[TASK DIRECTIONS]: Return the data below unchanged, without images.

[AVAILABLE DATA]:
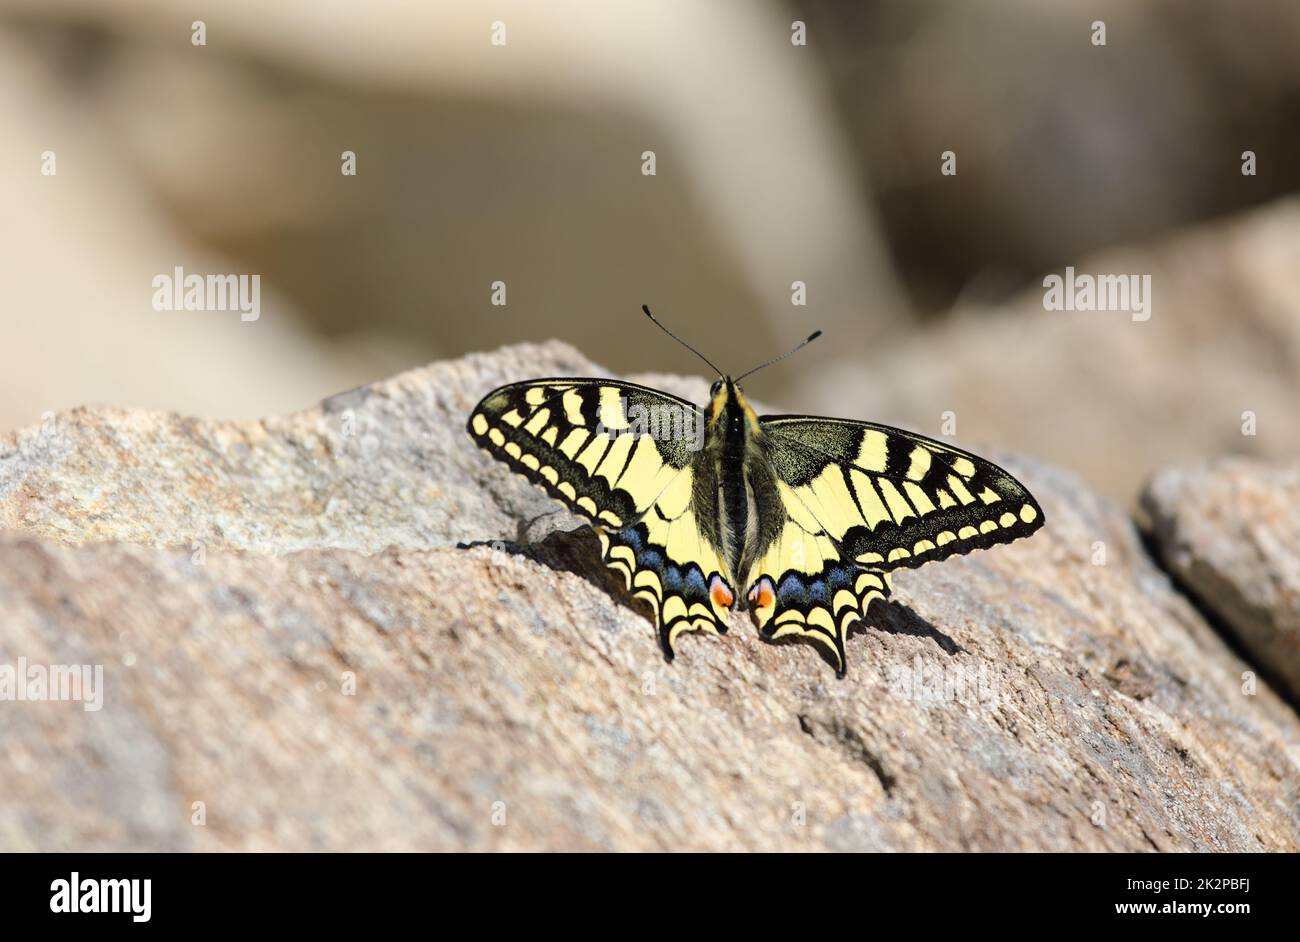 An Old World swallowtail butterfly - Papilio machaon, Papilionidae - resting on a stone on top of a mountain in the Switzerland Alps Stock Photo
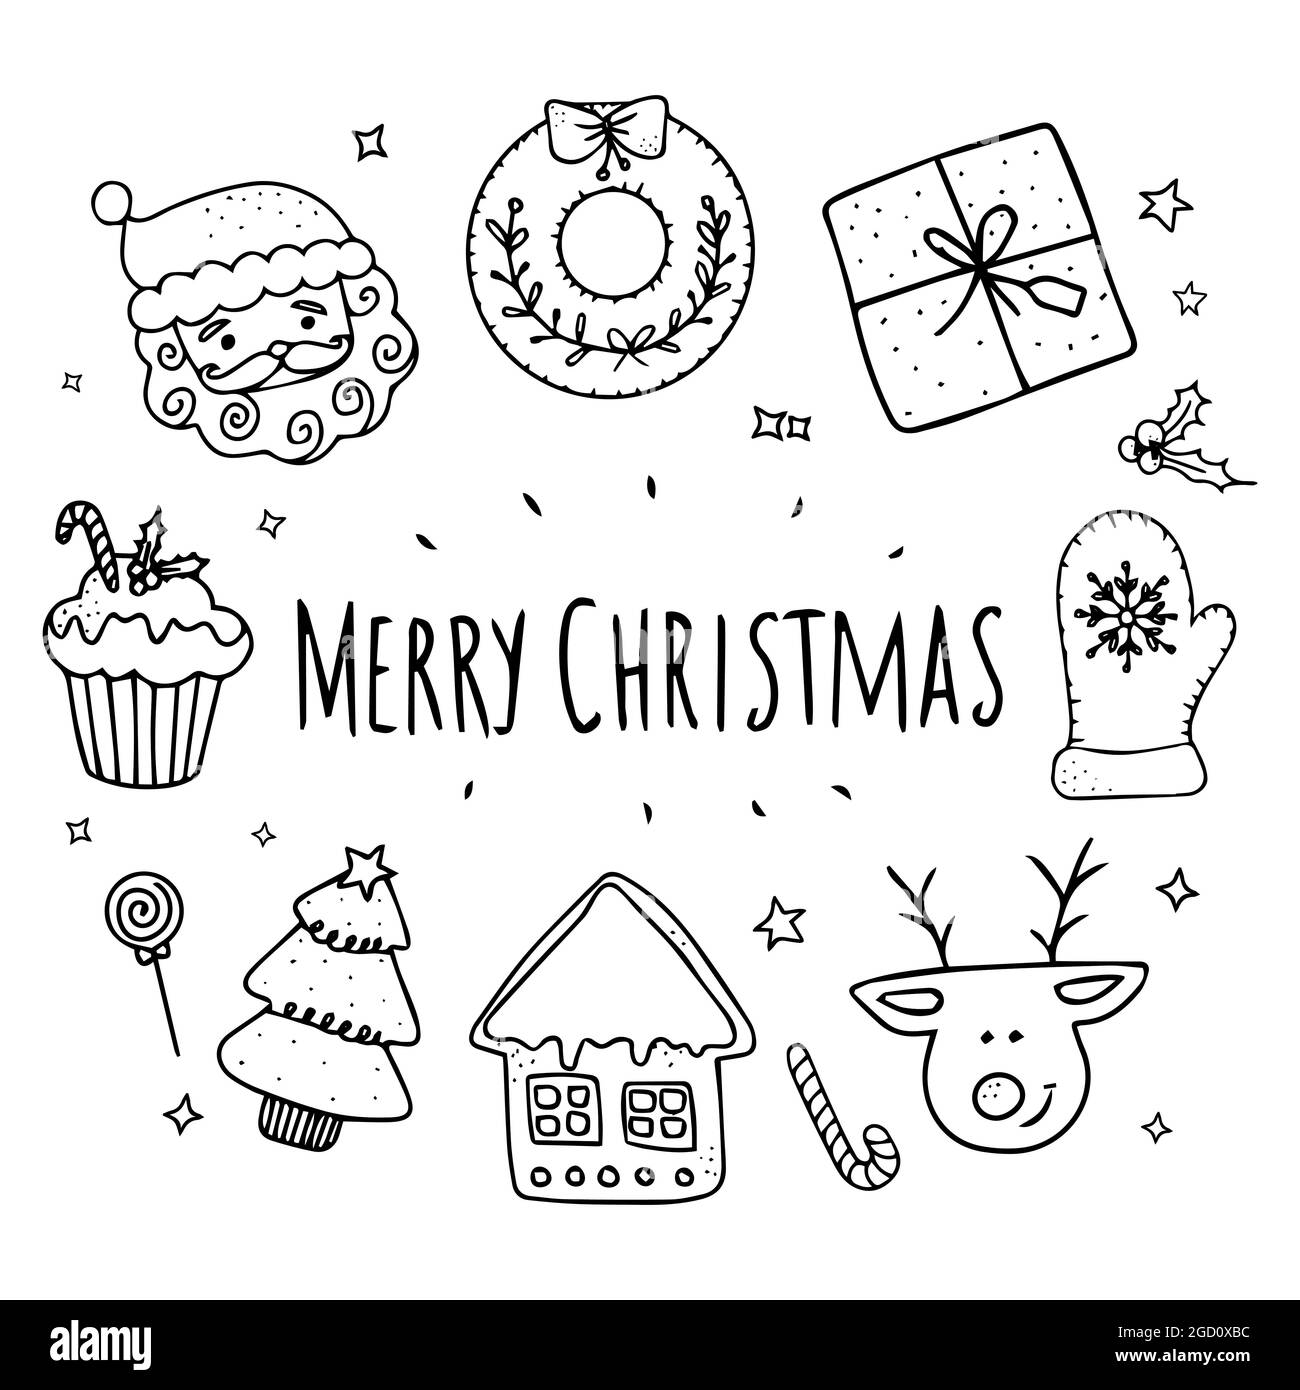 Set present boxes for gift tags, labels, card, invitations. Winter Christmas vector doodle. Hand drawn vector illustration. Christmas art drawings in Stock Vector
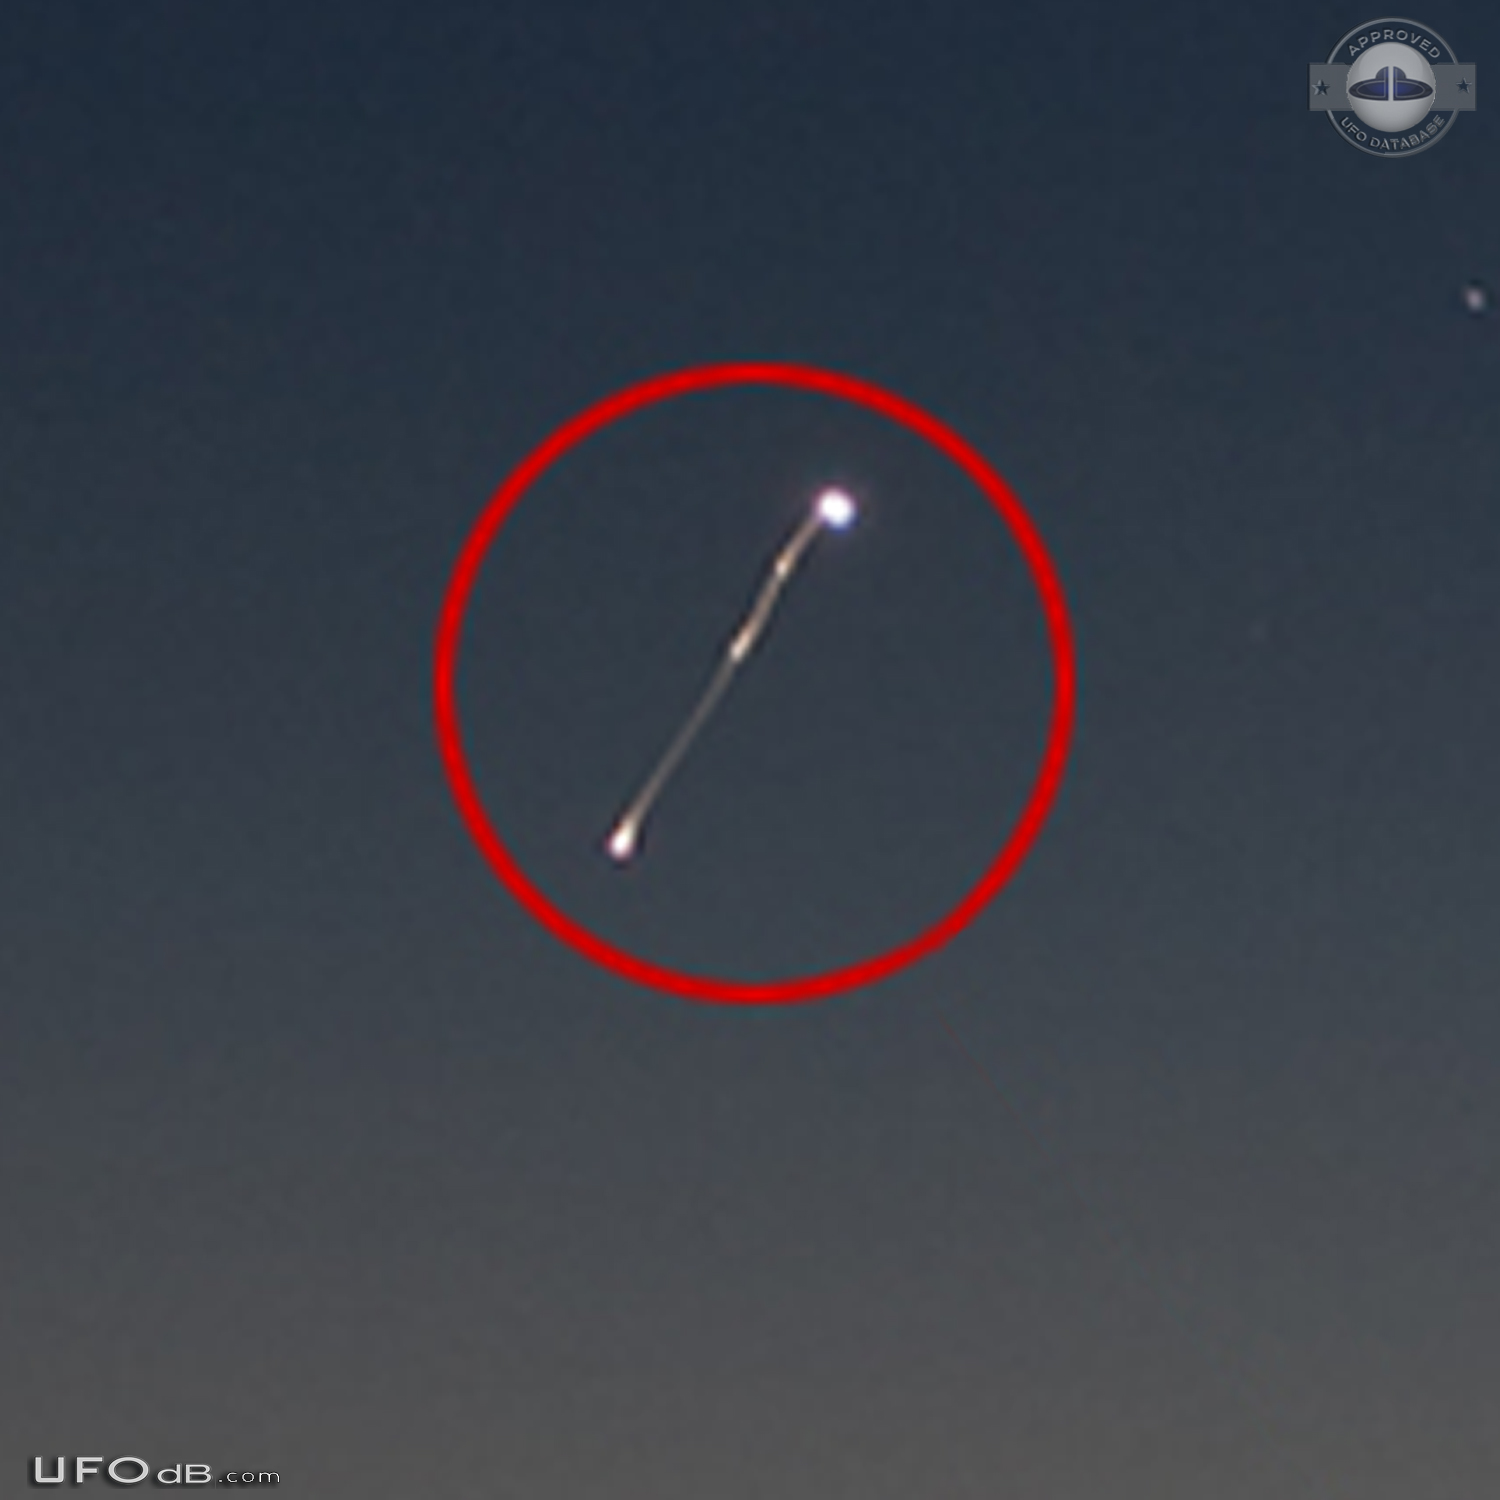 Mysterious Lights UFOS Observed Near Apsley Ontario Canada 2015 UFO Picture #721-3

[OUTPUT OF THE EXERCISE]:
 An Old World swallowtail butterfly - Papilio machaon, Papilionidae - resting on a stone on top of a mountain in the Switzerland Alps Stock Photo
 Set present boxes for gift tags, labels, card, invitations. Winter Christmas vector doodle. Hand drawn vector illustration. Christmas art drawings in Stock Vector
 Mysterious Lights UFOS Observed Near Apsley Ontario Canada 2015 UFO Picture #721-3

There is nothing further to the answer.